悪を刺す~『グリーン・ホーネット』 【3D・字幕版】

THE GREEN HORNET
新聞社社長の御曹司であるブリット(セス・ローゲン)は、パーティ三昧の放蕩
息子。厳格な父の急死により社長の座に就いた彼は、父のお抱え運転手だった
カトー(ジェイ・チョウ)の存在を知る。
『イップ・マン 葉問』に続いて、ブルース・リー李小龍関連の作品。オリジナル
のテレビシリーズでブルース・リーが演じた役を、台湾のスーパースター、ジェイ
・チョウが演じている。『モンガに散る』を降板しての、彼のハリウッド初進出作。
ちなみにこの役、当初はチャウ・シンチー周星馳が演じる予定だったとか。ブル
ース・リーはカトーの描いたイラストで登場。監督は、「永遠の12歳」ことミシェ
ル・ゴンドリー。アメリカでは初登場一位の大ヒットスタート。

ミシェル・ゴンドリーが撮る3D映画って、どんな感じだろう? と、3D映画が
好きではない私も一応、興味はあった。しかし、う~ん、これはちょっと。。わざ
わざ3Dで公開する意味ないんじゃないの? というのが率直な感想。ゴンドリ
ーらしいハンドメイドな質感の映像も観られず。これ言われないと彼の作品って
わからないと思いますよ。アクションも、やたらと火薬の量が多く、車がバシバ
シ壊されるような大味なもので残念。

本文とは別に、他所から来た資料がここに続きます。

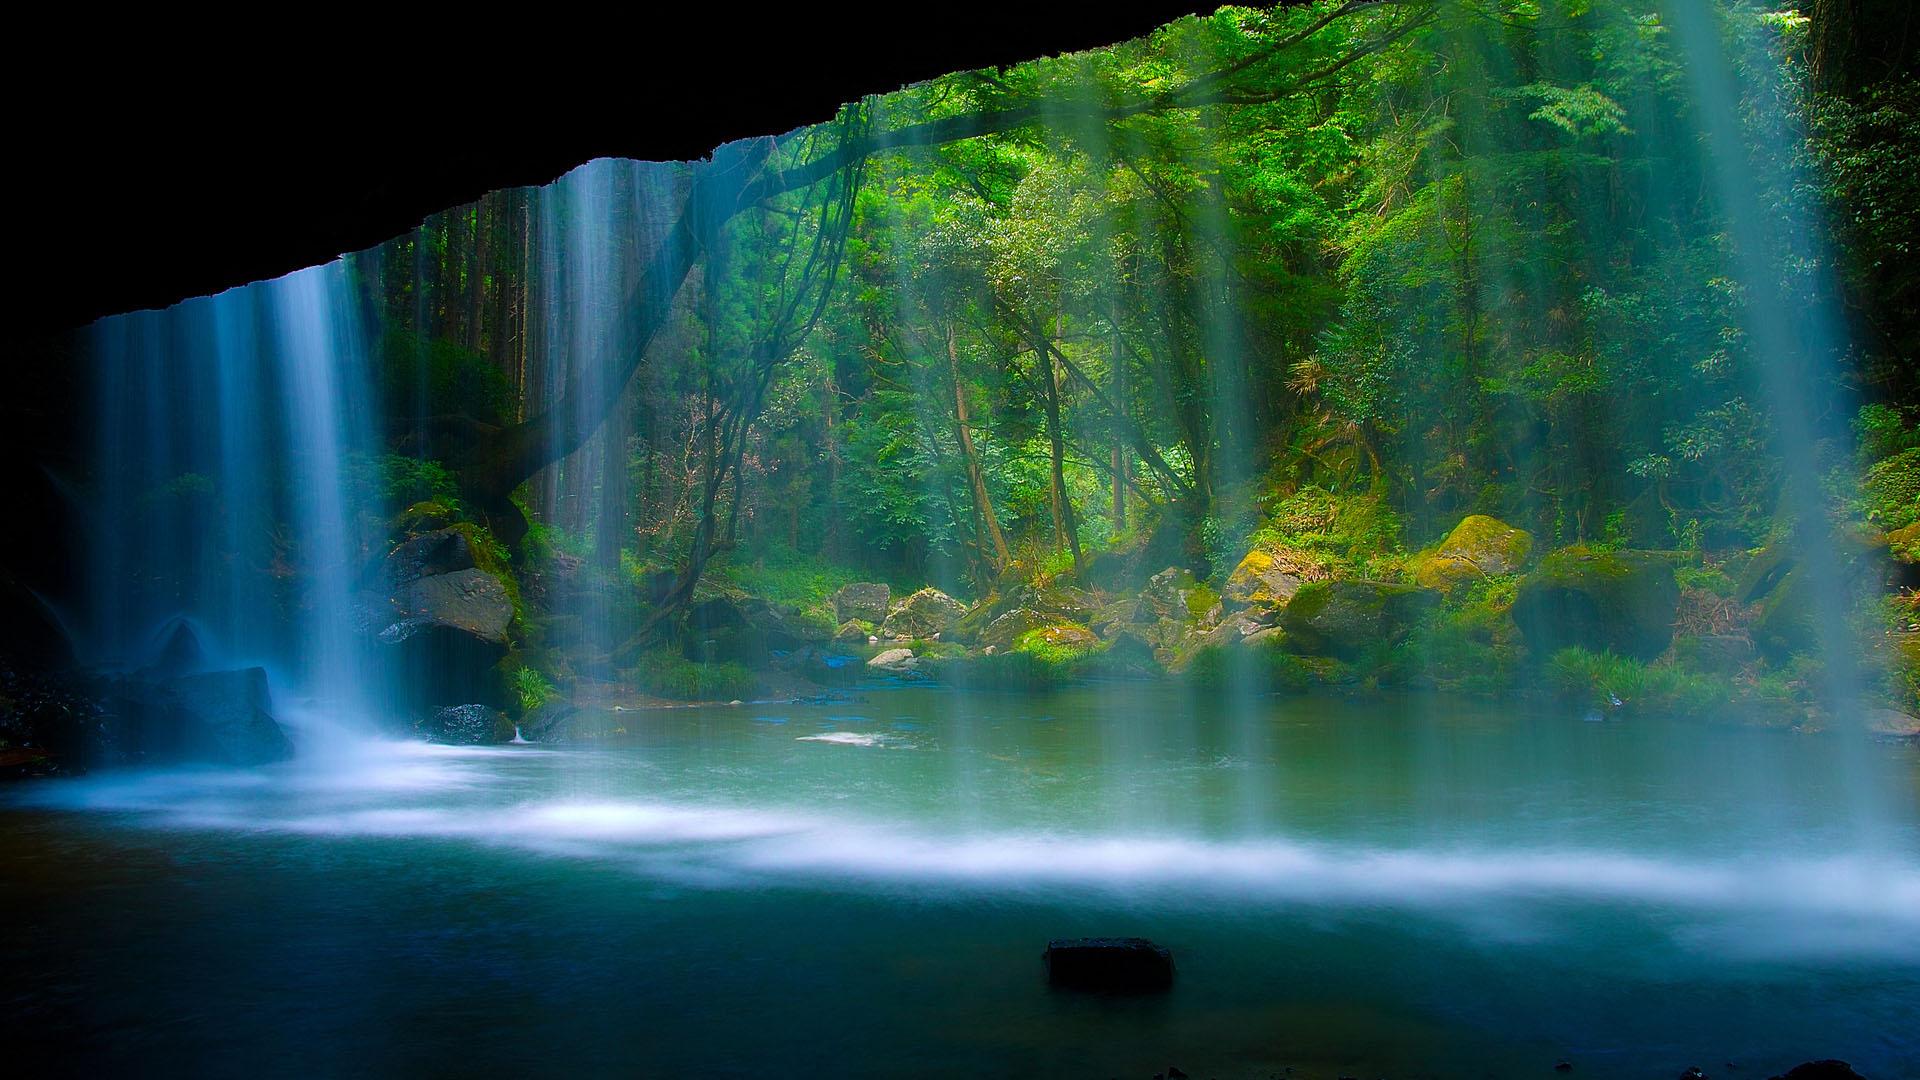 Beautiful mountain lake hd nature desktop wallpapers 1920x1080 1920x1080

ストーリー自体も、私にはほとんどどうで
もよかったな~。。
しかしジェームズ・フランコには驚いた。エンドクレジットで彼の名を見つける
ことはできなかったけれど、間違いなく彼だったと思う。トム・ウィルキンソンや
クリストフ・ヴァルツの顔が観られたのもうれしい。しかし、クリストフ・ヴァルツ
って、イングロ以来すっかり売れっ子ですね。。QTに足を向けて寝られないで
しょうね。

相変わらずキュートなキャメロン・ディアスも、ほとんど添え物で勿体ない。
ただ、ジェイ・チョウは存在感あったんじゃないかな? 英語もとっても上手
だったし、おバカなブリットによく付き合ってあげてたし。
しかし、カトーって日本名ですよね? 加藤さん? なのにカトーは「上海
で育った」と言い、それを聞いたブリットは「日本は好きだ」と答える・・・。この
映画を観たアメリカ人が、ジョークだってわかってくれてたらいいんですけど。
( 『グリーン・ホーネット』 監督:ミシェル・ゴンドリー/2011・USA/
主演:セス・ローゲン、ジェイ・チョウ、キャメロン・ディアス)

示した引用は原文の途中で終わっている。